2024 AIChE Annual Meeting
(458b) Physics-Informed Automated Discovery of Kinetic Models
Authors
- Introduction
Kinetic models are important for the design, optimization, and control of chemical processes, but their development is difficult. Traditional white box models are accurate, but their construction is time-consuming and require vast expertise. While more flexible alternatives like hybrid or black box models need large datasets and lack interpretability, posing risks in safety-critical applications.

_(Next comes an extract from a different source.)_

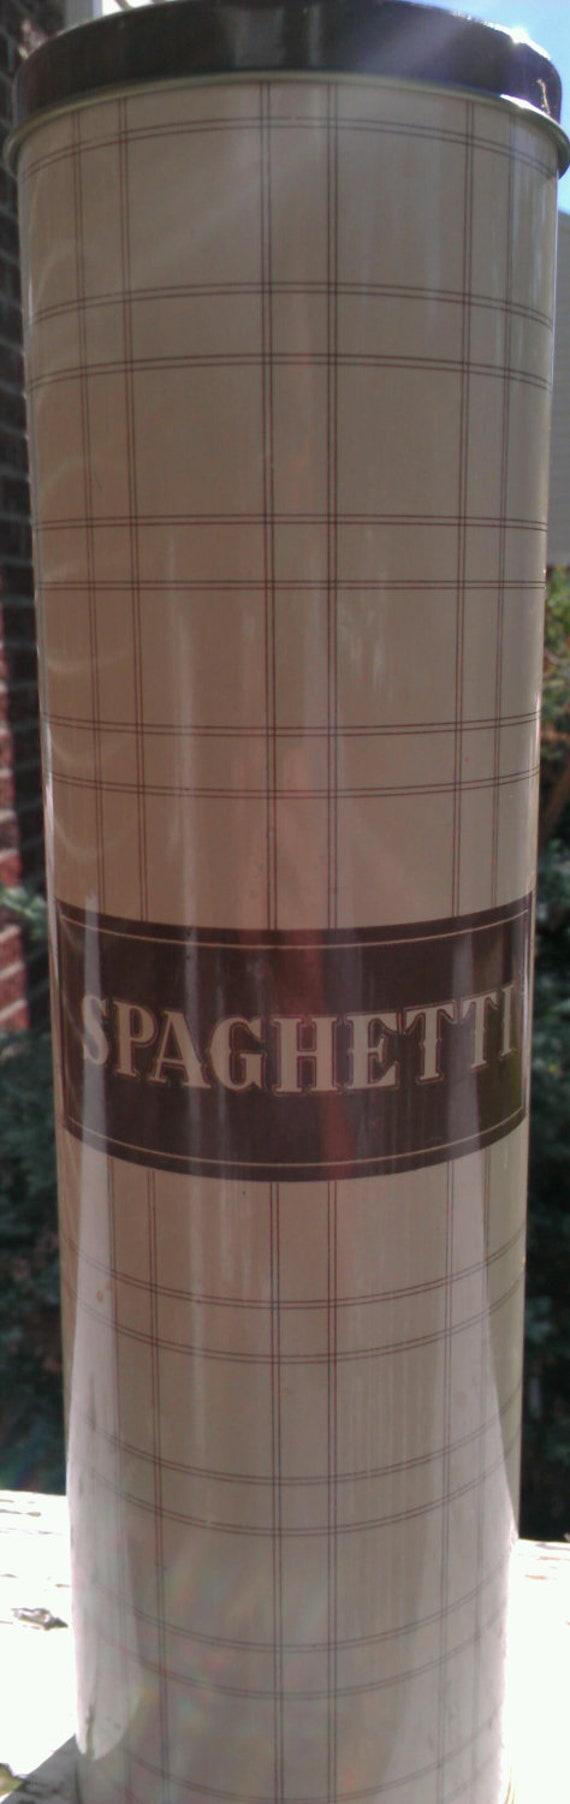 Spaghetti Holder/Tin

Symbolic regression, a machine learning approach that derives mathematical models directly from data without predefined equations, is gaining popularity for its ability to uncover patterns and facilitate scientific discoveries, particularly in kinetic modeling [1]. Yet, existing symbolic regression methods like SINDy and ALAMO face limitations, such as reliance on accurate prior knowledge and vulnerability to noisy data.
The ADoK-S and ADoK-W frameworks introduced by de Carvalho Servia et al. [2] advanced the field but highlighted the need for further improvements, including expert knowledge integration and uncertainty quantification. This study enhances the ADoK-S framework with these features, proposing physics-informed ADoK-S (PI-ADoK-S). The importance of these improvements is twofold. Firstly, providing an avenue for prior knowledge injection may reduce the enormous search space inherent to symbolic regression – reducing the experimental burden and creating a speed-up in scientific discovery – whilst also ensuring physically reasonable models. Secondly, providing measures of the uncertainty of a model’s predictions offers valuable information regarding the reliability of the model.
- Methodology
Developed in response to the shortcomings of conventional modelling methods, ADoK-S positioned itself as an alternative to SINDy and ALAMO by providing solutions to some of their shortcomings. The ADoK-S framework is composed of three main components: a genetic programming (GP) approach for creating models, a sequential optimization method for optimizing model parameters, and an Akaike Information Criterion (AIC)-based model selection procedure.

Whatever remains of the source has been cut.